La aparición de los primeros códigos éticos y leyes encorsetarán a los seres humanos, pero no sólo política o socialmente sino también mentalmente. Este hecho, siguiendo a Goleman, se puede entender como uno de los primeros intentos de refrenar la antigua vida emocional en favor a la racional. No obstante, esa mentalidad religiosa prevalece en muchas sociedades actuales como la islámica y, más aún, en ámbitos más radicales.

En las poblaciones occidentalizadas, ¿cuándo comienza el predominio del cerebro racional sobre el emocional? No hay un acuerdo entre los especialistas en este asunto concreto, pero quizás la hipótesis más asentada es la que especifica que el predominio de la mentalidad racional sobre la emocional llegó con la Ilustración.

La Ilustración fue, además de una época histórica, un movimiento cultural e intelectual europeo, entre los siglos XVII y XVIII, en el que se pretendió disipar las tinieblas de la mentalidad mítico-religiosa mediante el resplandor de las luces de la razón. Desde entonces, hasta nuestros días, la civilización Occidental mantiene agazapadas las facultades espirituales bajo la sombra que le proporciona la Ciencia omnipresente. El vigor alcanzado por lo científico eclipsa a lo emocional y, por tanto, a lo espiritual. No se ha dado este paso, como se pude apreciar, en algunas civilizaciones como la islámica, en las que se presencia un inmovilismo de lo emocional. Sólo hay que ver que se pretende crear, desde las facciones más radicales, un “Estado Islámico” o, incluso, un Califato Universal de las proporciones del Imperio de los tiempos medievales.

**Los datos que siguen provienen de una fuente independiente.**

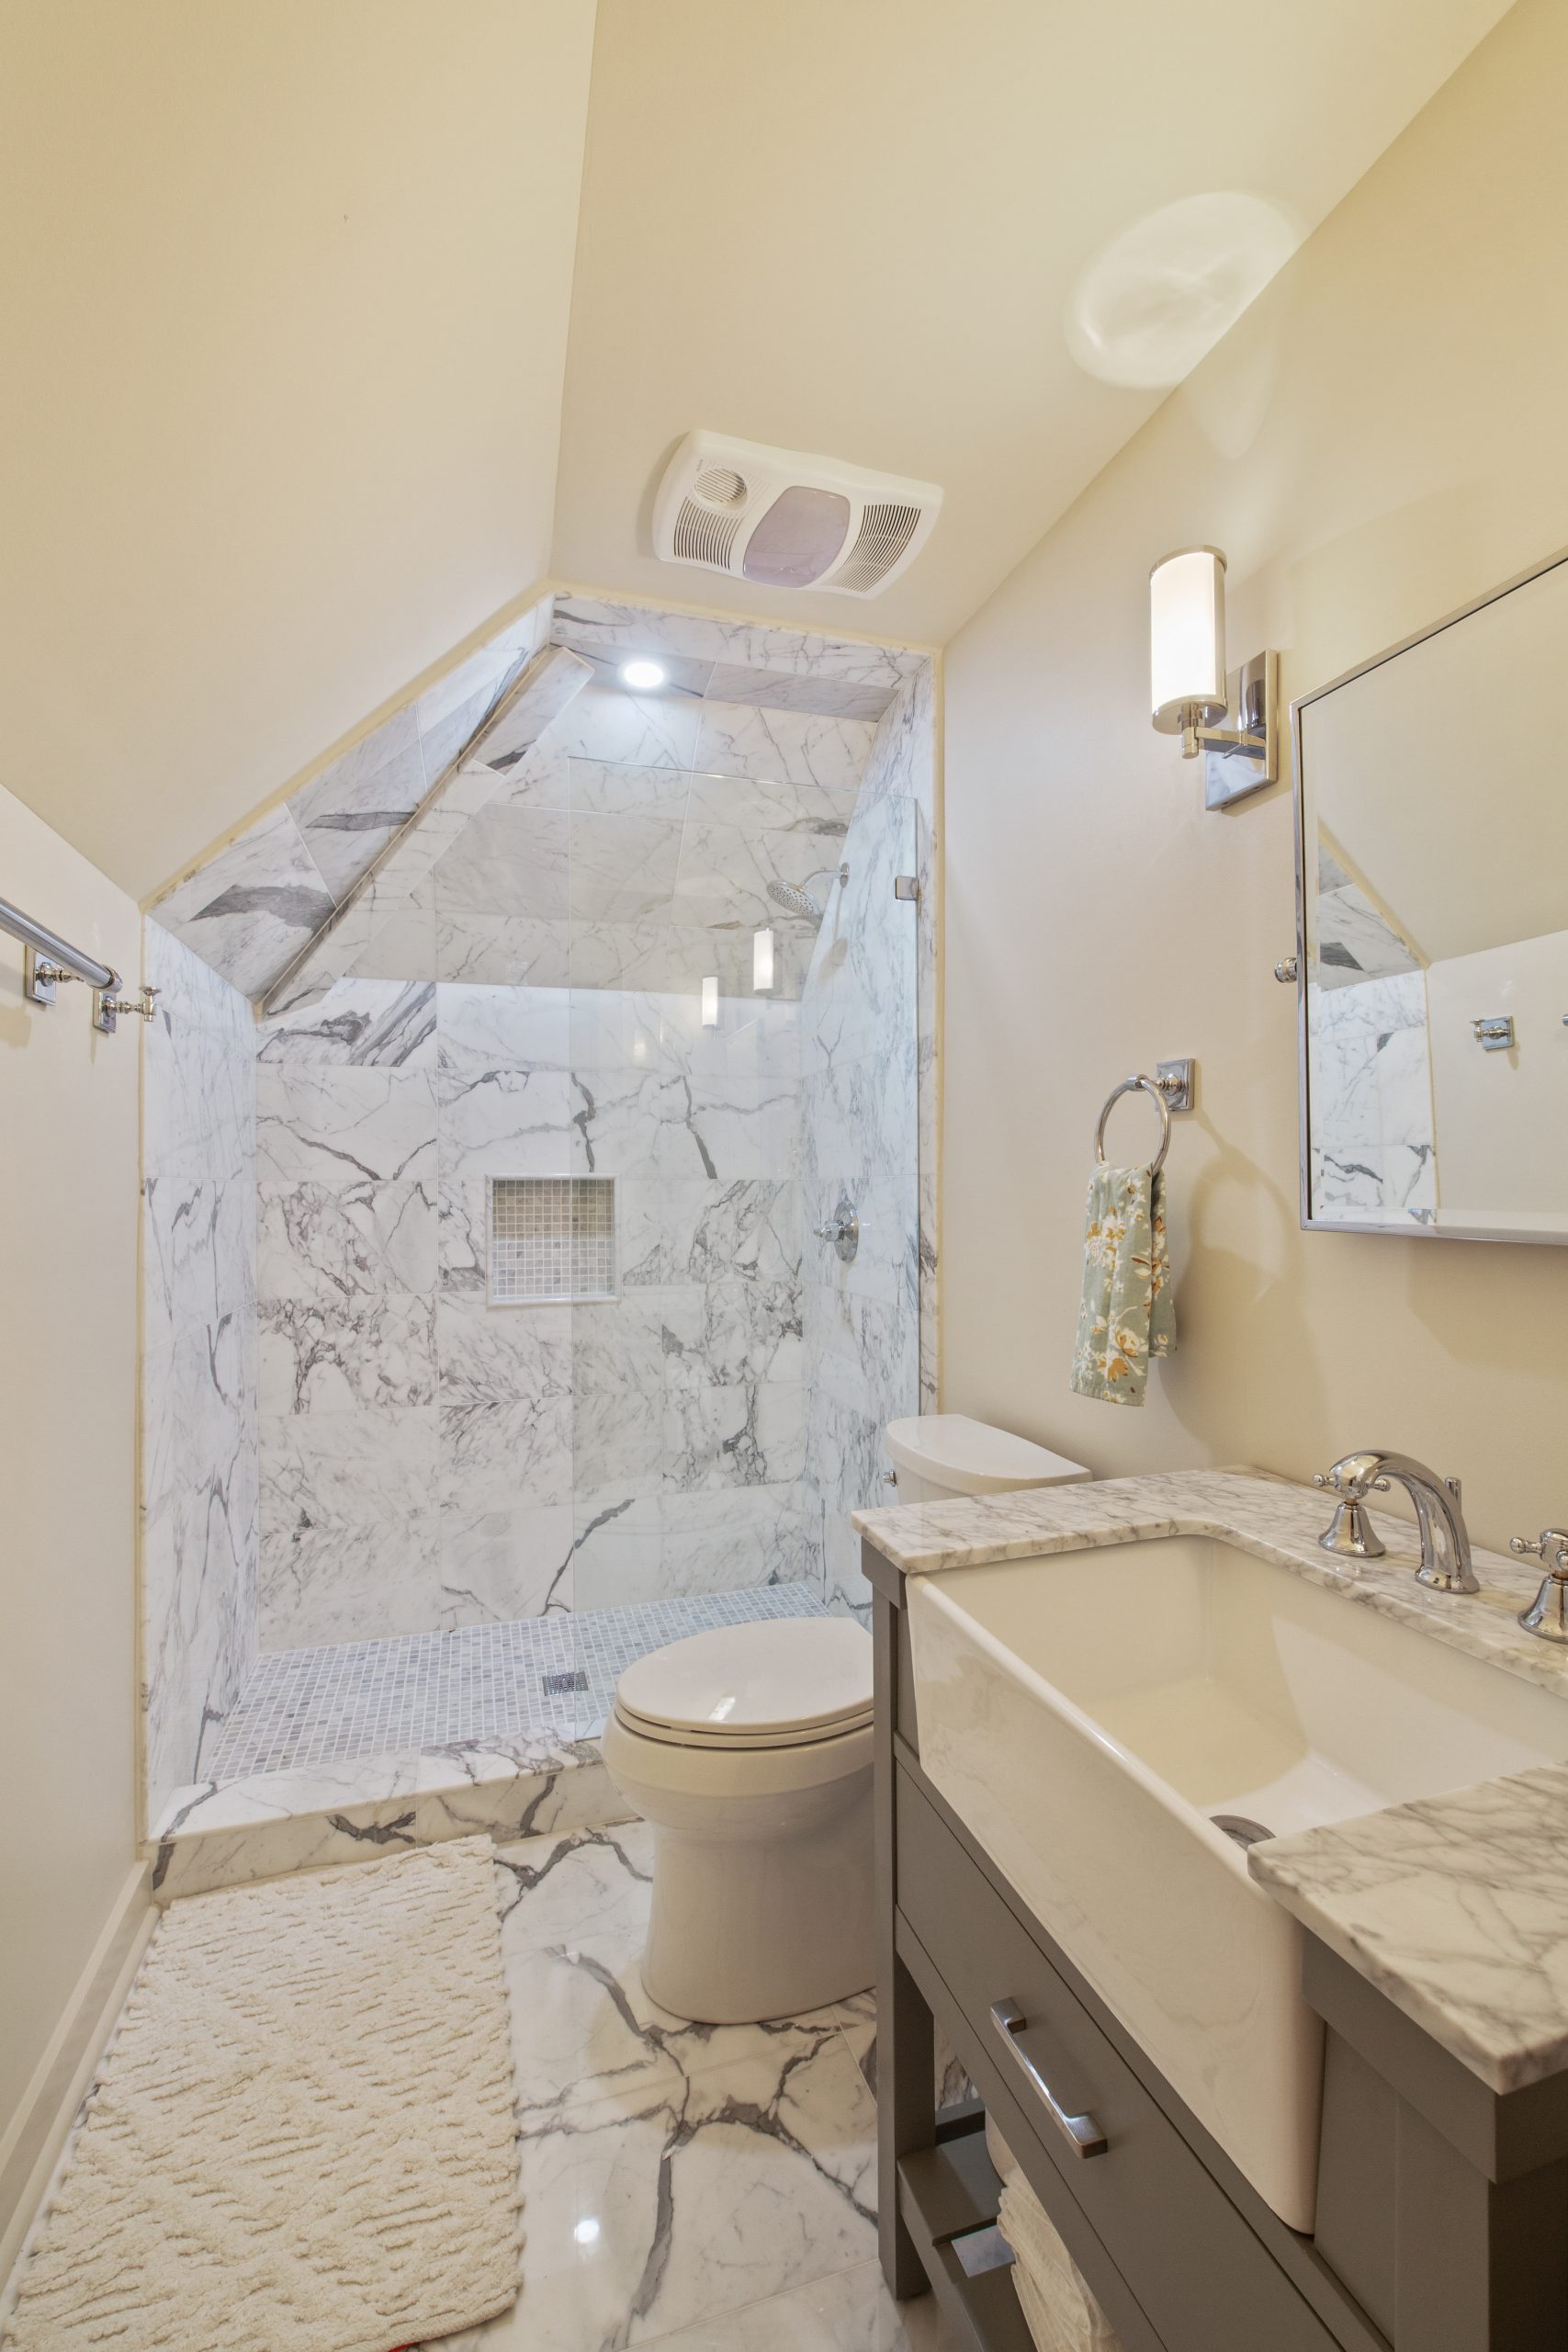 Neslo House Luxury Bathroom Renovation designed and built by DMG Design+Build

Para concluir, es necesario precisar que en la actualidad no se debe valorar como mejor, ni peor, la preeminencia de la mentalidad racional, o científica, sobre la emocional, o religiosa. Se trata simplemente de dos formas diferentes de entender el mundo. Por eso, a mi modo de ver, no se puede abominar de la civilización islámica por mantenerse en una etapa emocional o religiosa de la mente, ya que realmente es la que ha prevalecido durante casi toda la existencia de la humanidad. Aunque este aspecto, claro está, no justifica el terrorismo yihadista como forma de defensa de esta mentalidad porque, entre otras cosas, el autodenominado “Estado Islámico” se mueve por otros factores que no son simplemente religiosos y que aquí no vamos a entrar a valorar.

Bibliografía

GOLEMAN, D. Inteligencia emocional. Barcelona, Kairós, 2011.

RUBIA, F. J., El cerebro nos engaña. Madrid, Booket, 2010.